§ WORK REQUEST: The answer must consist solely of the lines below starting at the one containing "Persie Distillery, Labrador Gin, Nv - 50cl" and ending at the one containing "AURELIA Pink Ethnic", repeated exactly, with both ends included and all pictures omitted.

§ INPUT FOR THIS TASK:
※ ※ ※

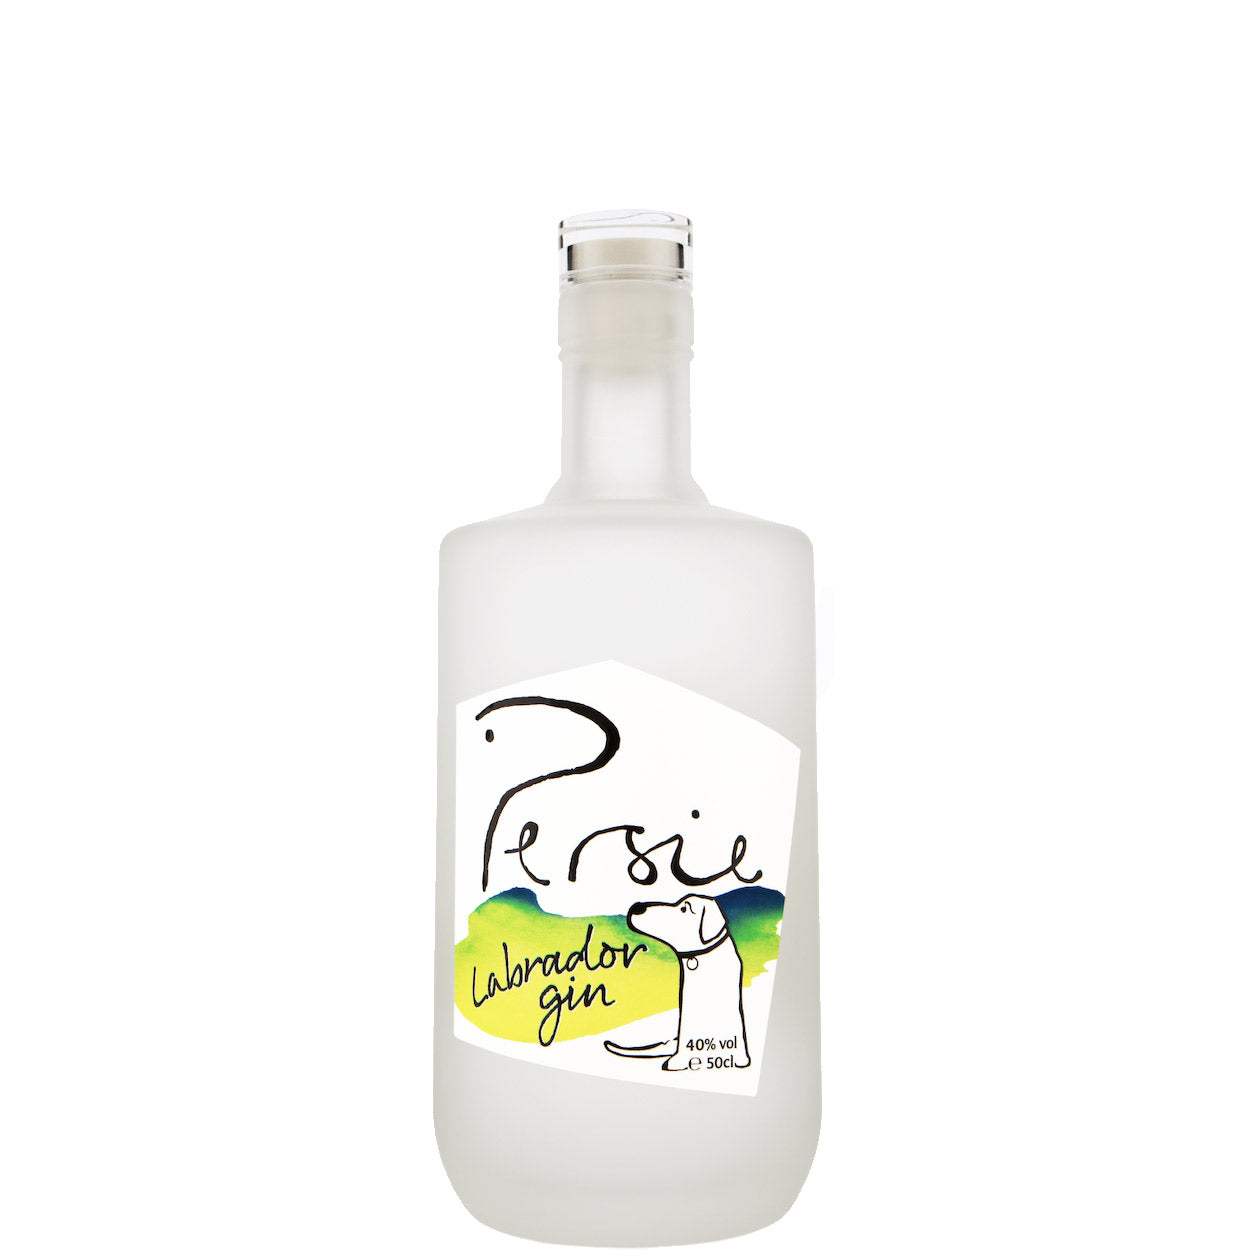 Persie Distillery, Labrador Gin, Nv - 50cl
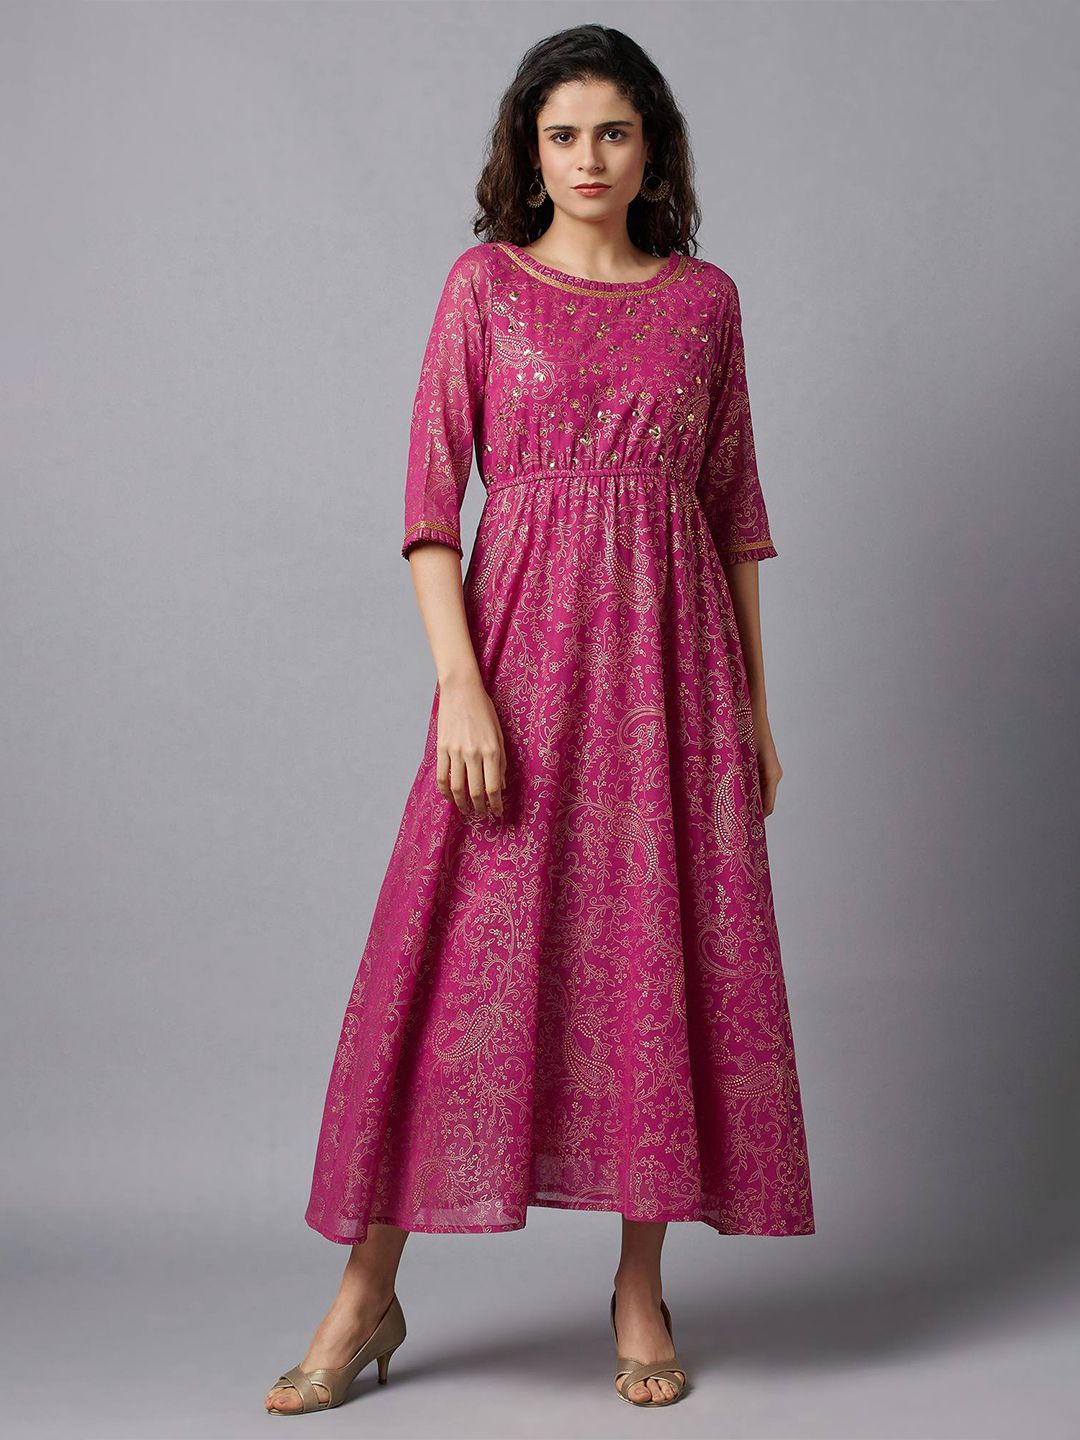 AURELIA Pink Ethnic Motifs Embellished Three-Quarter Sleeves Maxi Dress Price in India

※ ※ ※

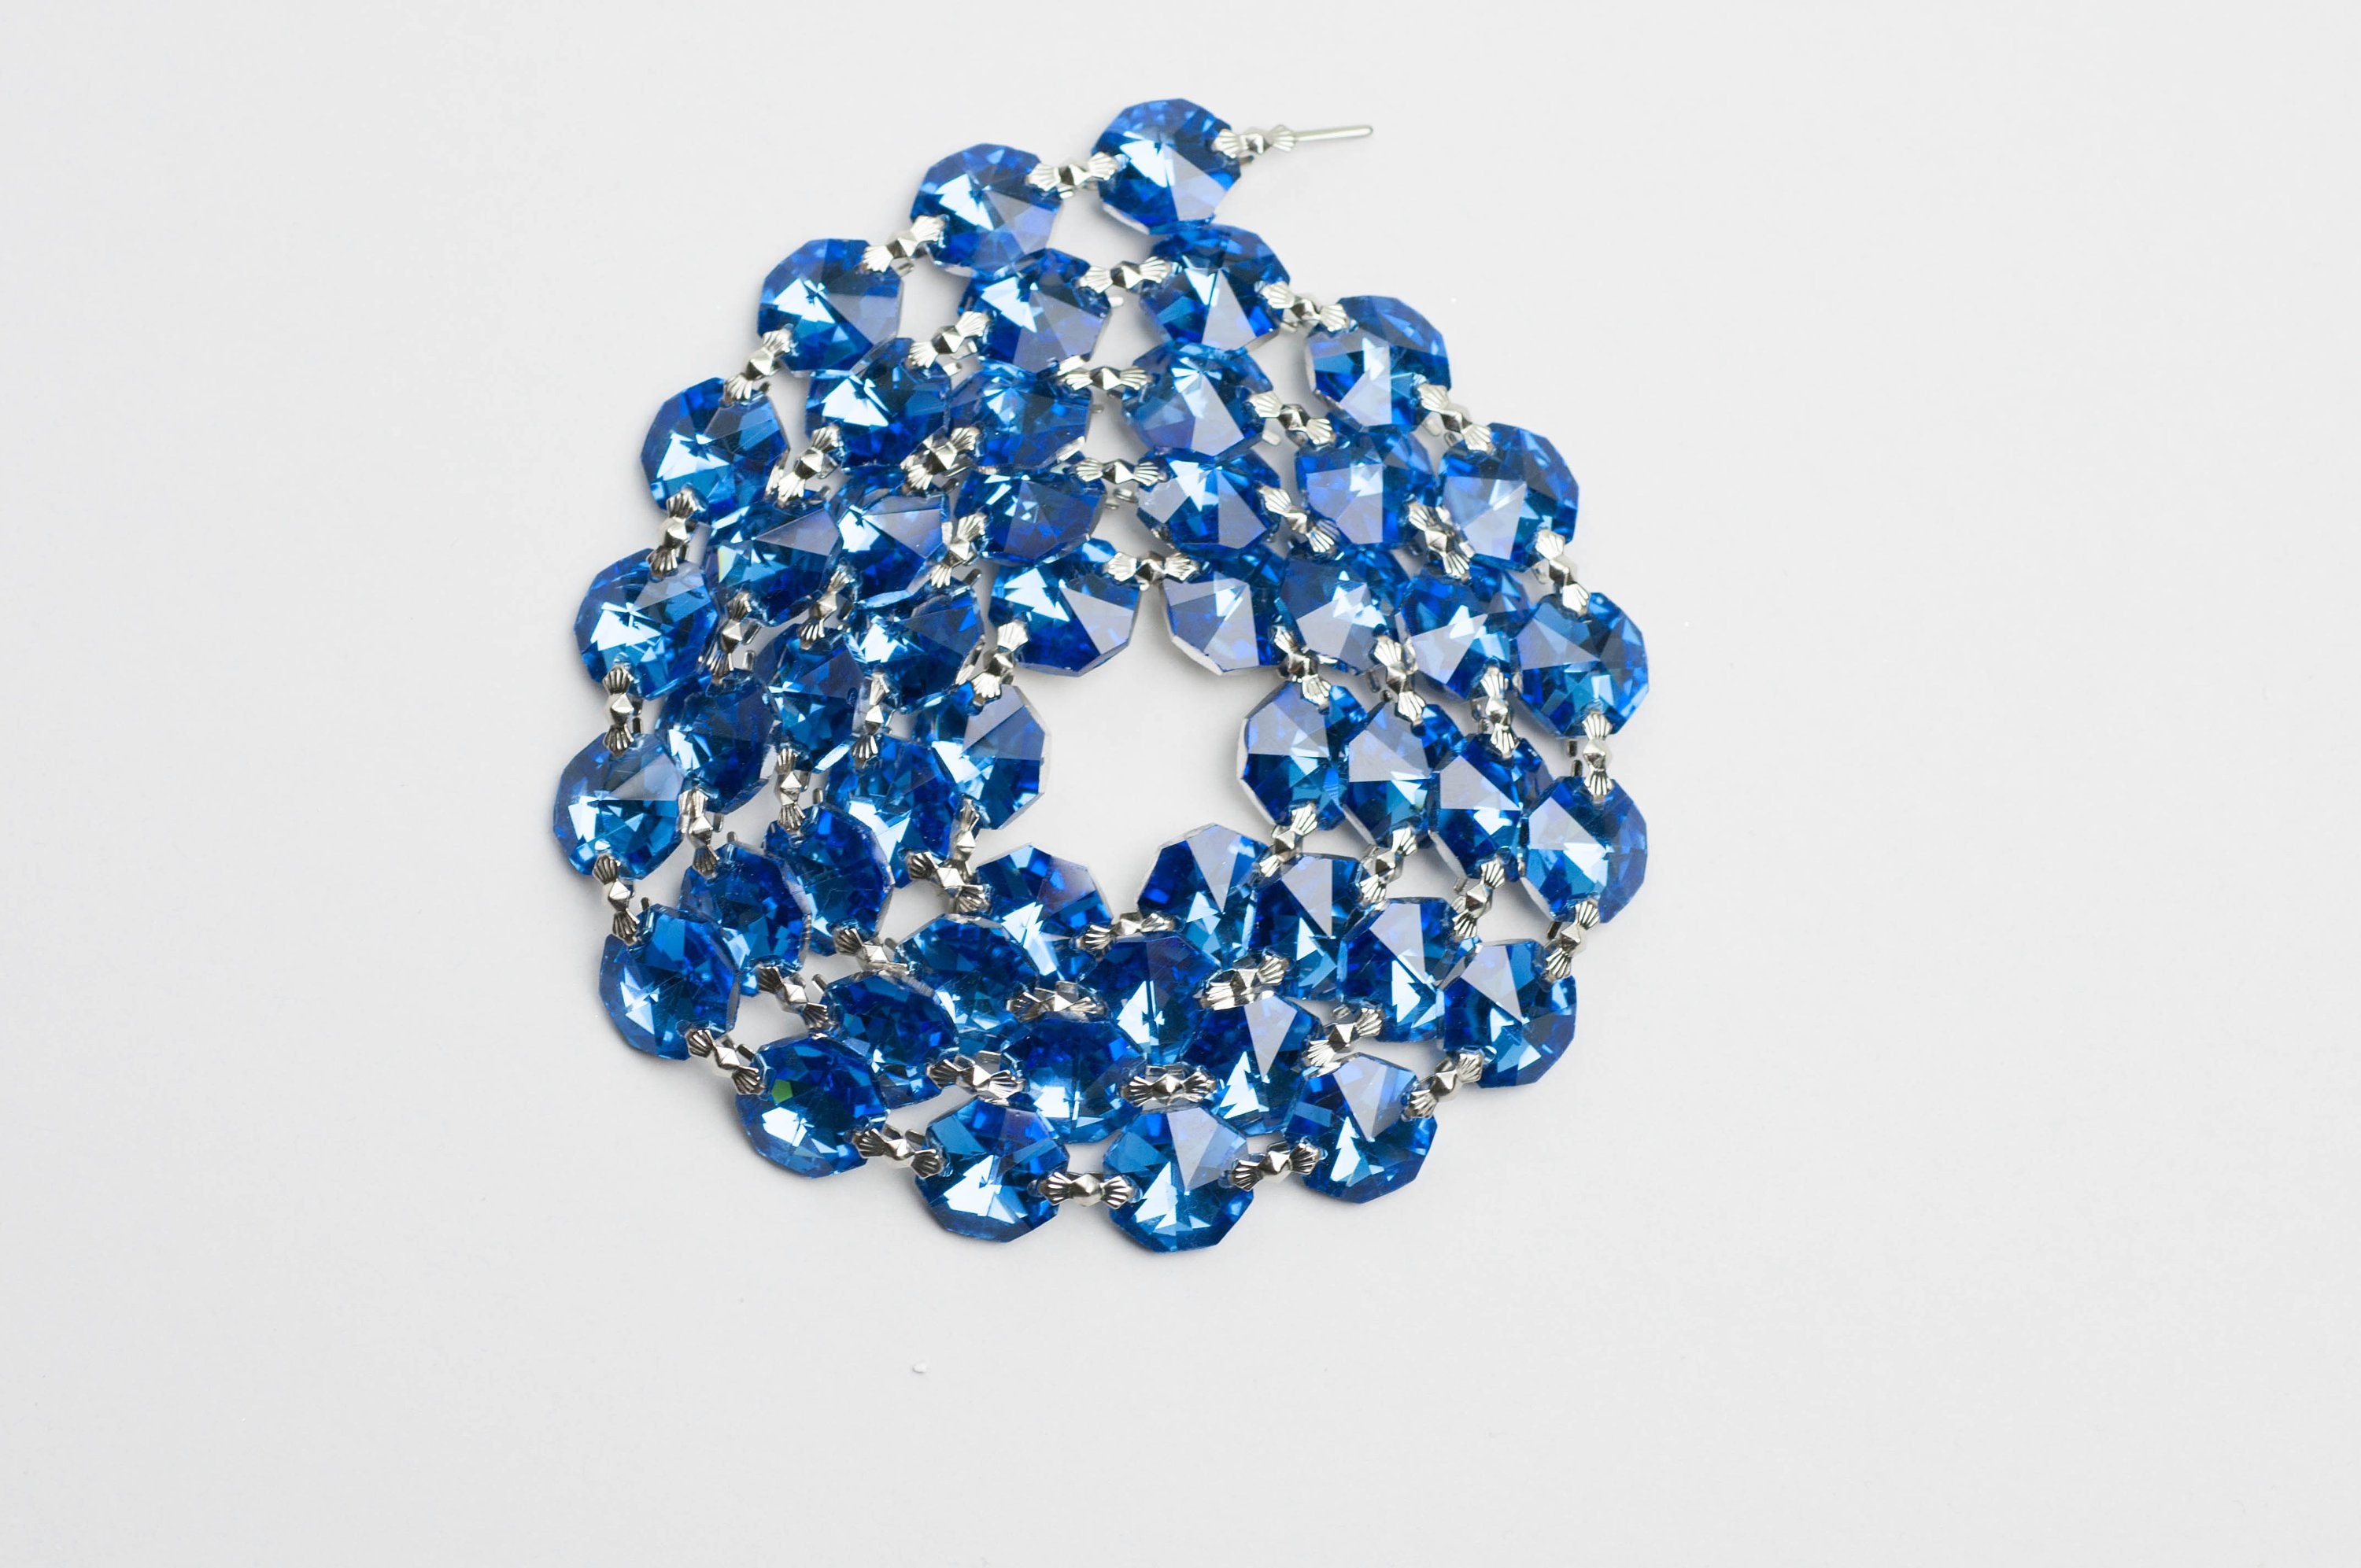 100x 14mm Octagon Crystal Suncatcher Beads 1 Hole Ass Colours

※ ※ ※

§ TASK SOLUTION:
 Persie Distillery, Labrador Gin, Nv - 50cl
 AURELIA Pink Ethnic Motifs Embellished Three-Quarter Sleeves Maxi Dress Price in India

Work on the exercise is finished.